START Source data
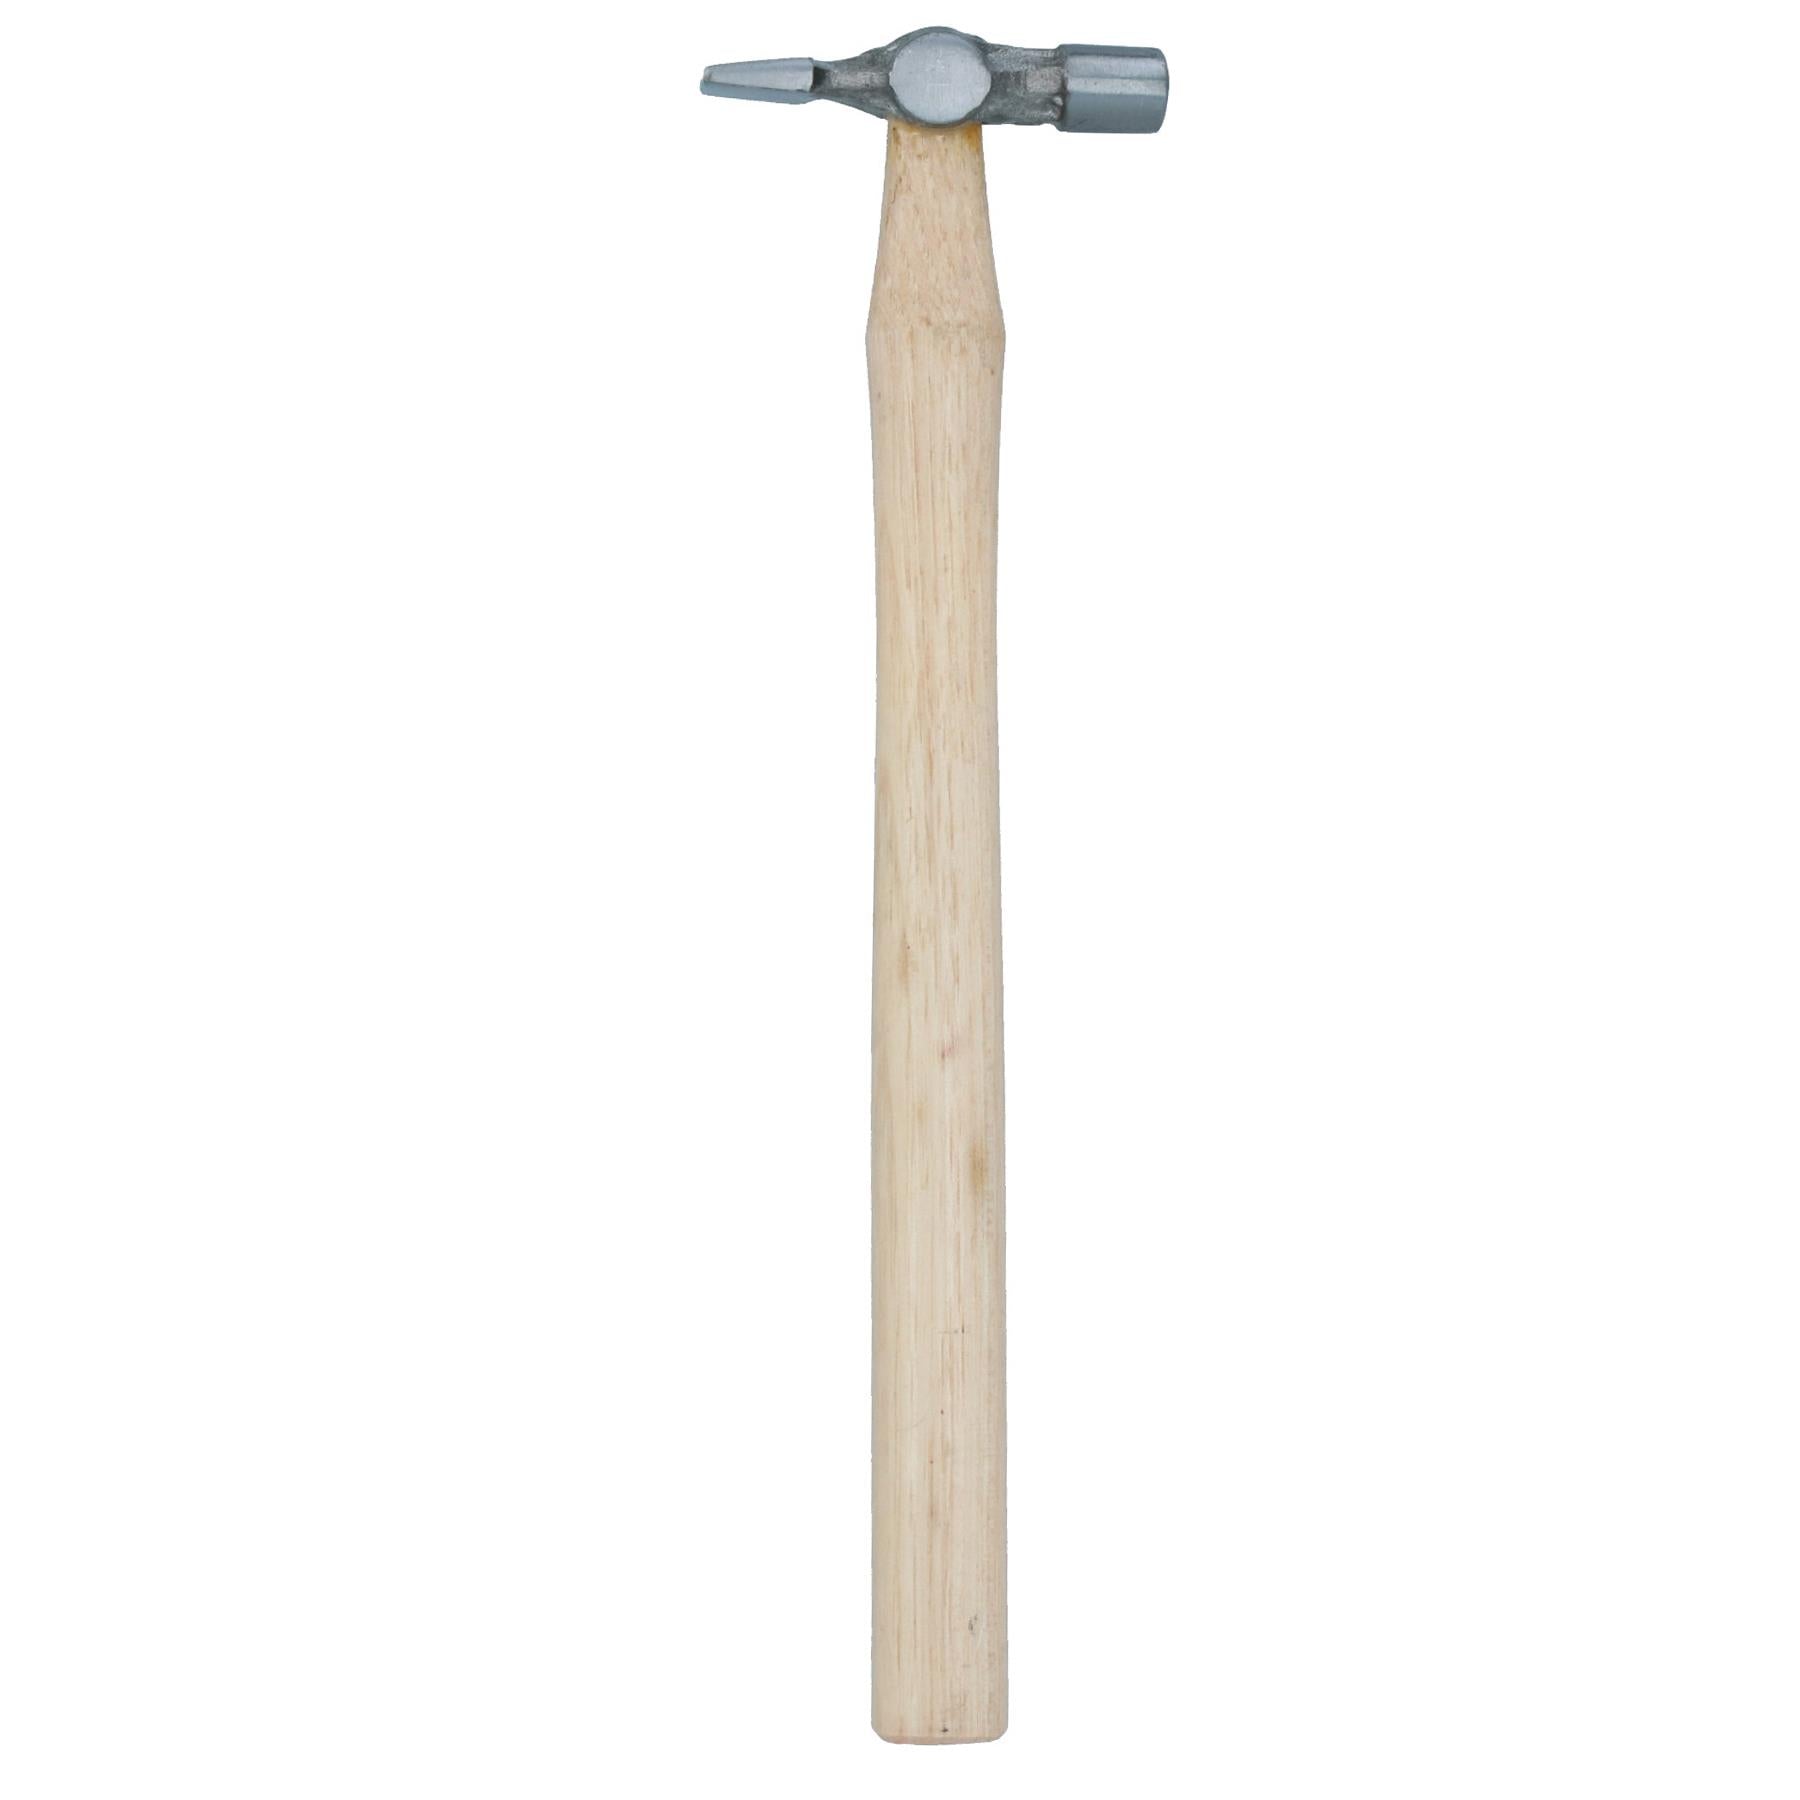 4oz Cross Pein Hammer Hickory Handle Carpenters Wood Work Panel Nails
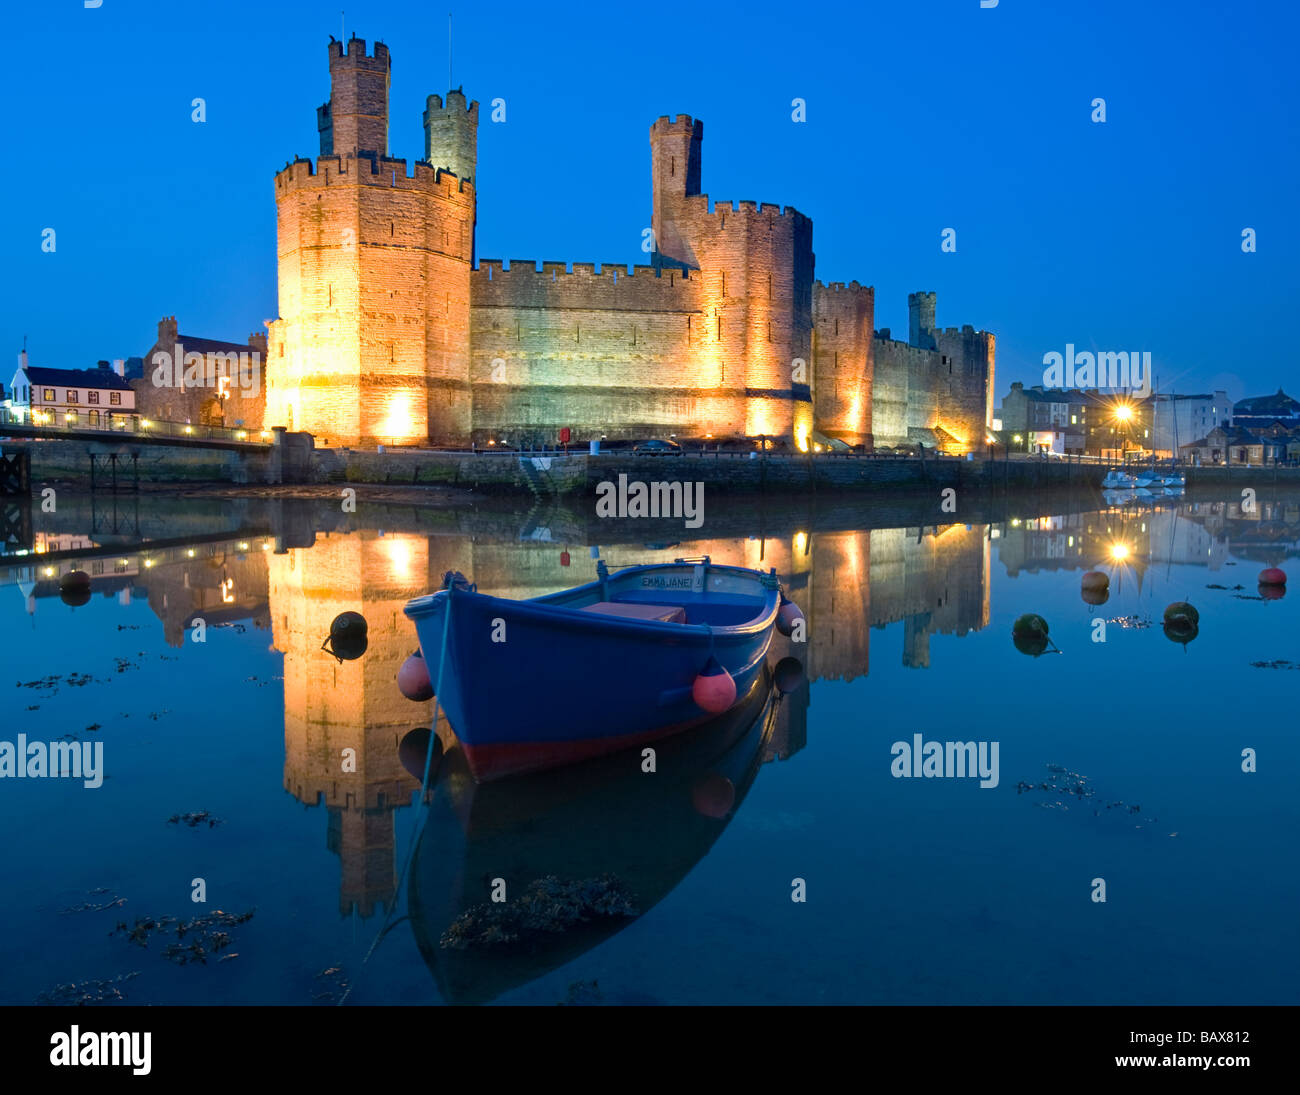 Caernarfon Castle and Estuary at Night, Caernarfon, Gwynedd, North Wales, UK Stock Photo
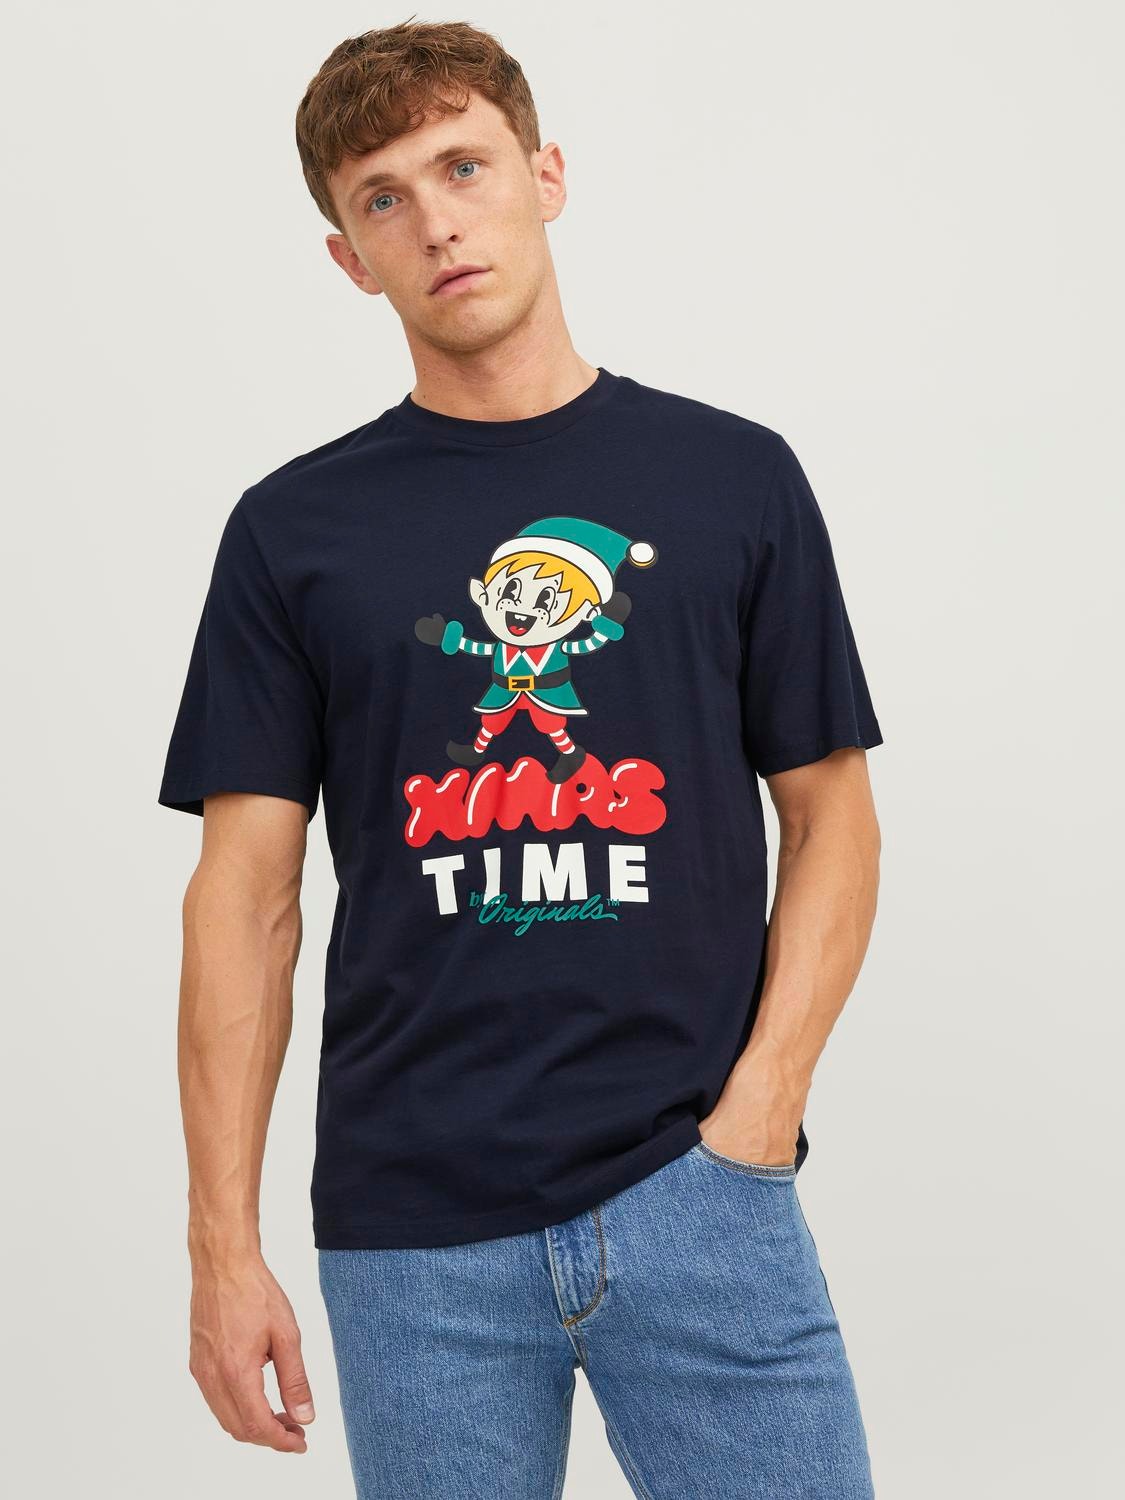 Jack & Jones X-mas Rundhals T-shirt -Sky Captain - 12246603
END Source data
Please reproduce, exactly and only, the lines from the line containing "Caernarfon Castle and" through the last line of the material above, minus any pictures.

[Response to the task]
 Caernarfon Castle and Estuary at Night, Caernarfon, Gwynedd, North Wales, UK Stock Photo
 Jack & Jones X-mas Rundhals T-shirt -Sky Captain - 12246603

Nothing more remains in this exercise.